- Born: Irene Levine May 7, 1910
- Died: January 21, 2003 (aged 92) New York City, U.S.
- Occupations: Talent scout, philanthropist
- Spouse: Aaron Diamond

= Irene Diamond =

American talent scout and philanthropist (1910–2003)

Irene Diamond (May 7, 1910 - January 21, 2003) was an American Hollywood talent scout and later in life a philanthropist.

==Early life==
Irene Diamond was born Irene Levine on May 7, 1910, to Jewish immigrant parents.

==Career==
Diamond was an assistant editor for Warner Brothers in their story division. During a 25-year collaboration with producer Hal B. Wallis, she made recommendations on many scripts, including The Maltese Falcon and Dark Victory. In 1941 on a visit to New York City she read an unproduced play titled Everybody Comes to Rick's, by Murray Burnett and Joan Alison. After she persuaded Wallis to purchase the script for $20,000, he retitled it and produced the film Casablanca.

==Philanthropy==
Diamond was co-chair of the Aaron Diamond Foundation with her husband from the 1950s onwards. Following his sudden death in 1985, Diamond became the sole president of the foundation. They established the Aaron Diamond AIDS Research Center in 1991.

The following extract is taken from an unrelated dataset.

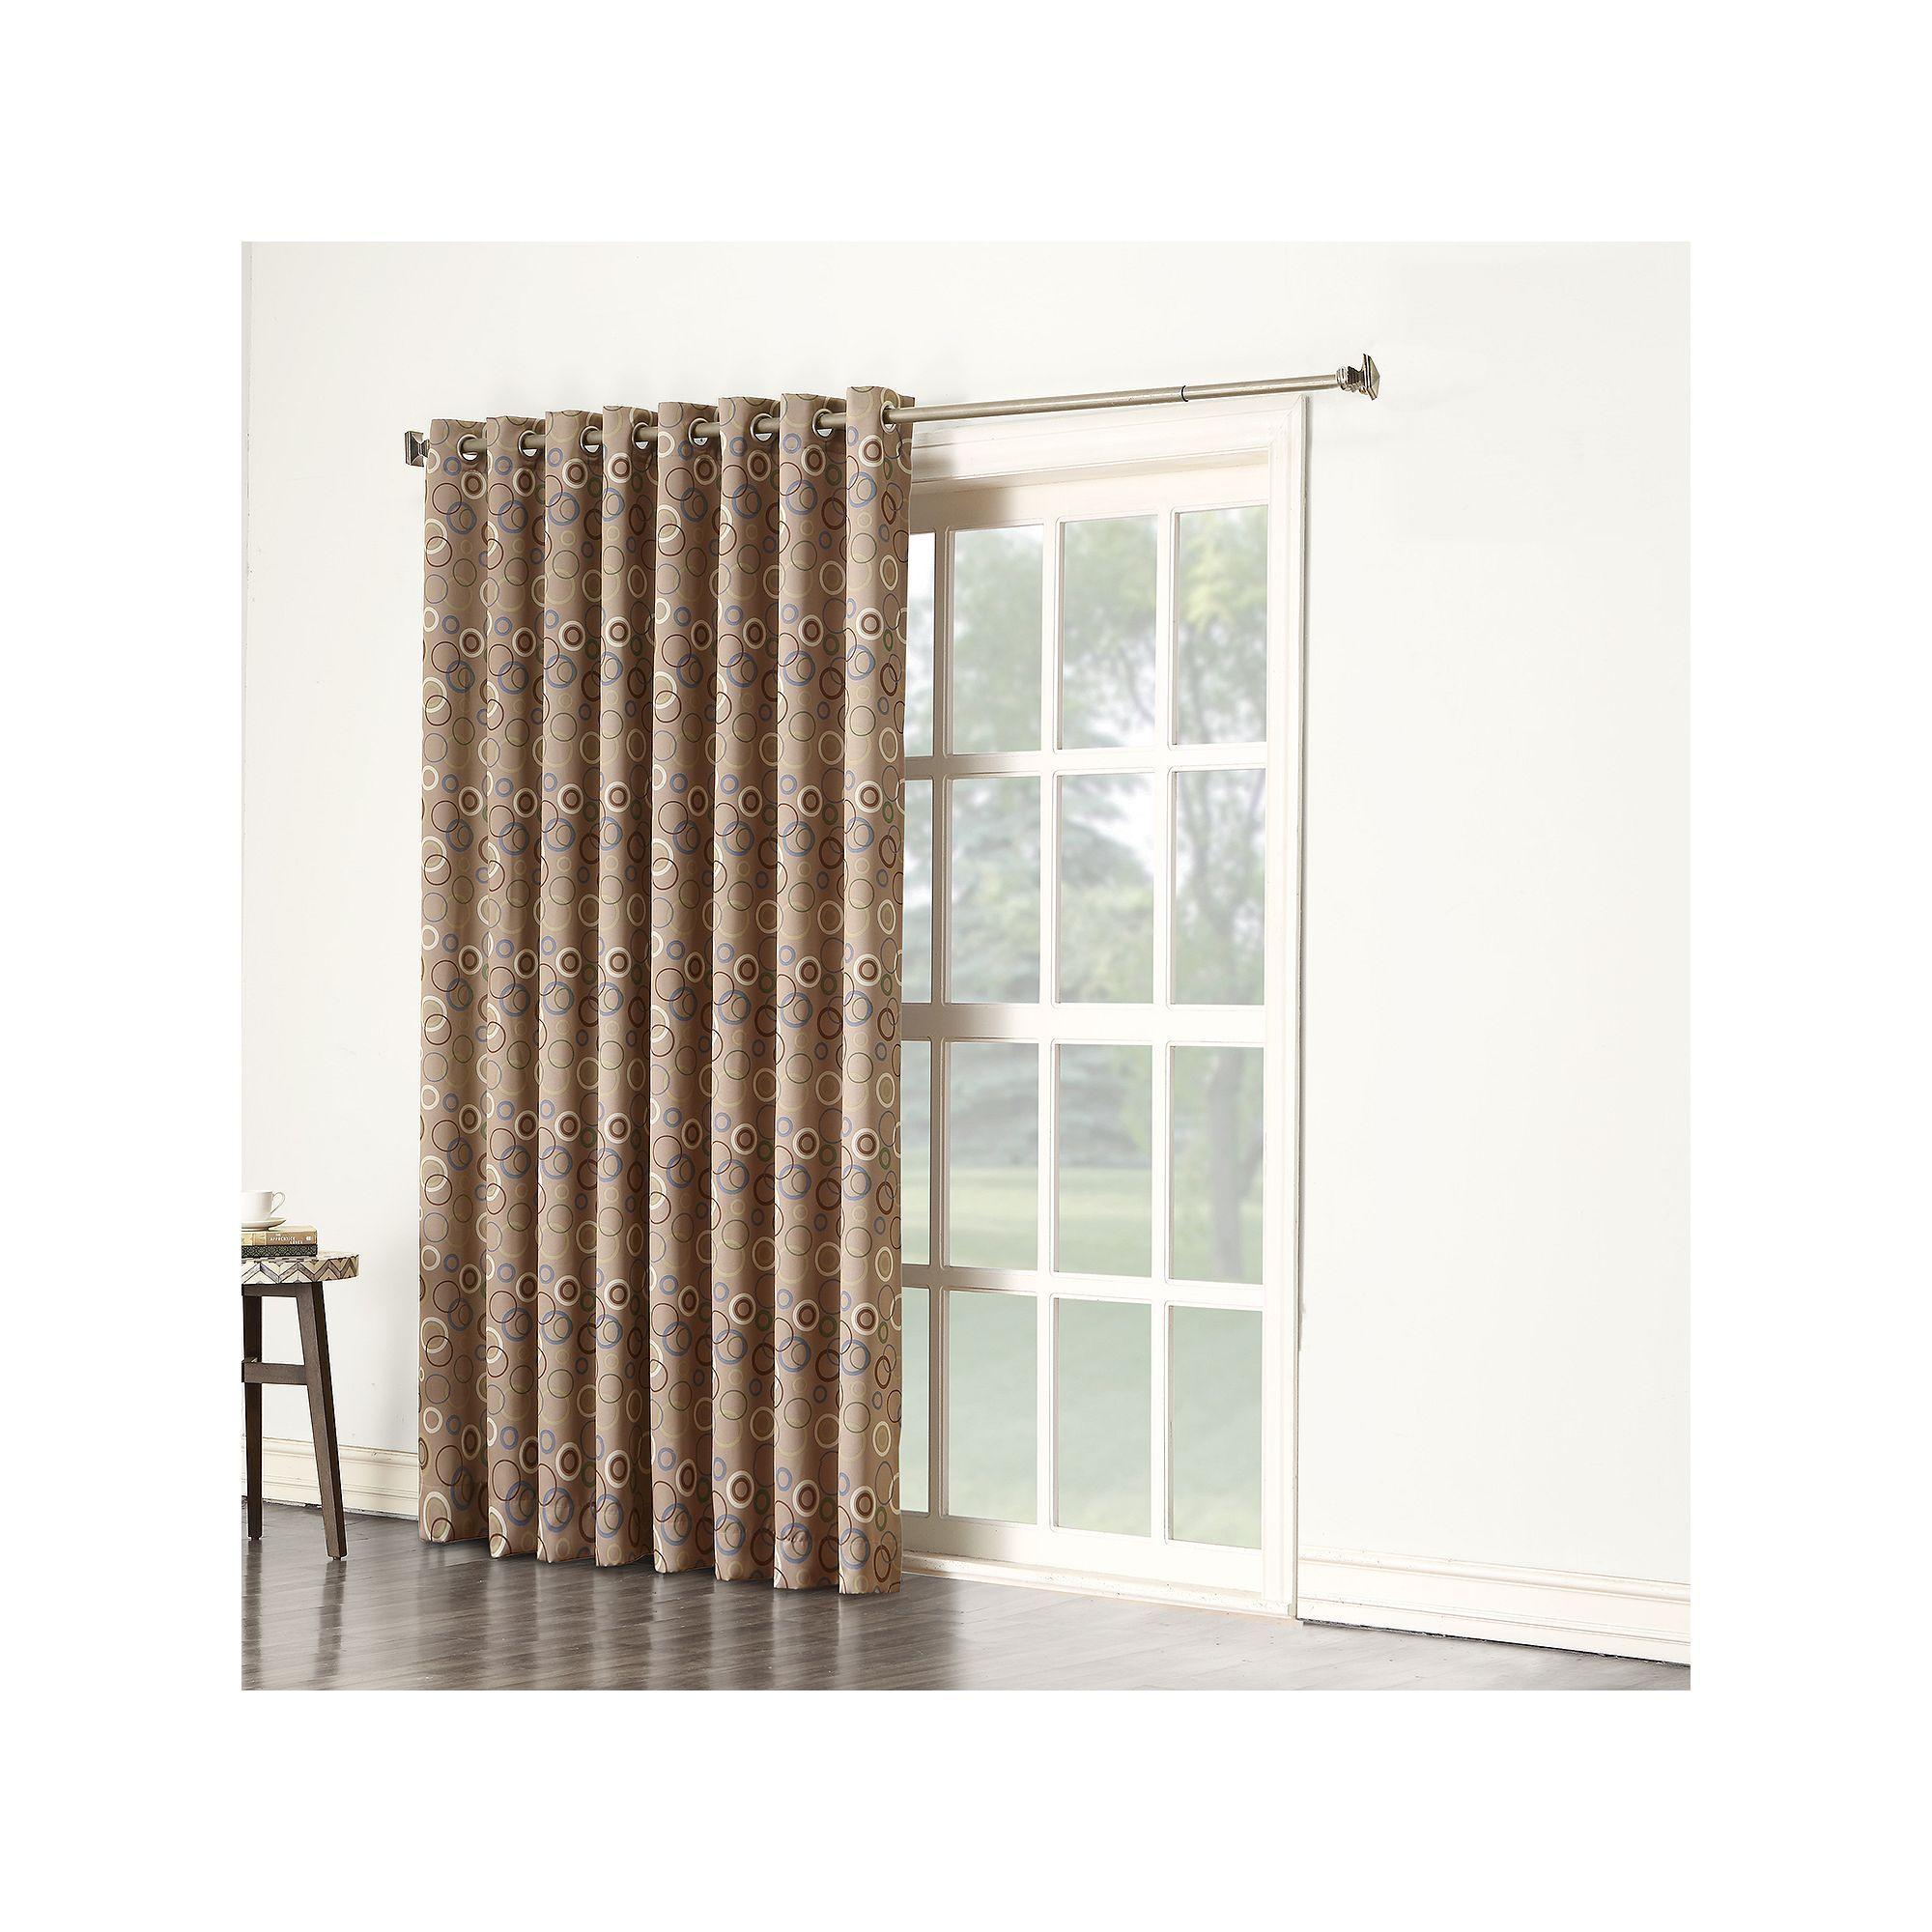 Sun Zero Galaxy Room Darkening Patio Door Curtain 100 x 84

Diamond founded the Irene Diamond Fund in 1994. The fund endowed AIDS research.

In 2000, Diamond founded the New York Choreographic Institute alongside Peter Martins.

In 1999, then U.S. President Bill Clinton presented her with the National Medal of Arts award. She was elected a fellow of the American Academy of Arts and Sciences in 2001.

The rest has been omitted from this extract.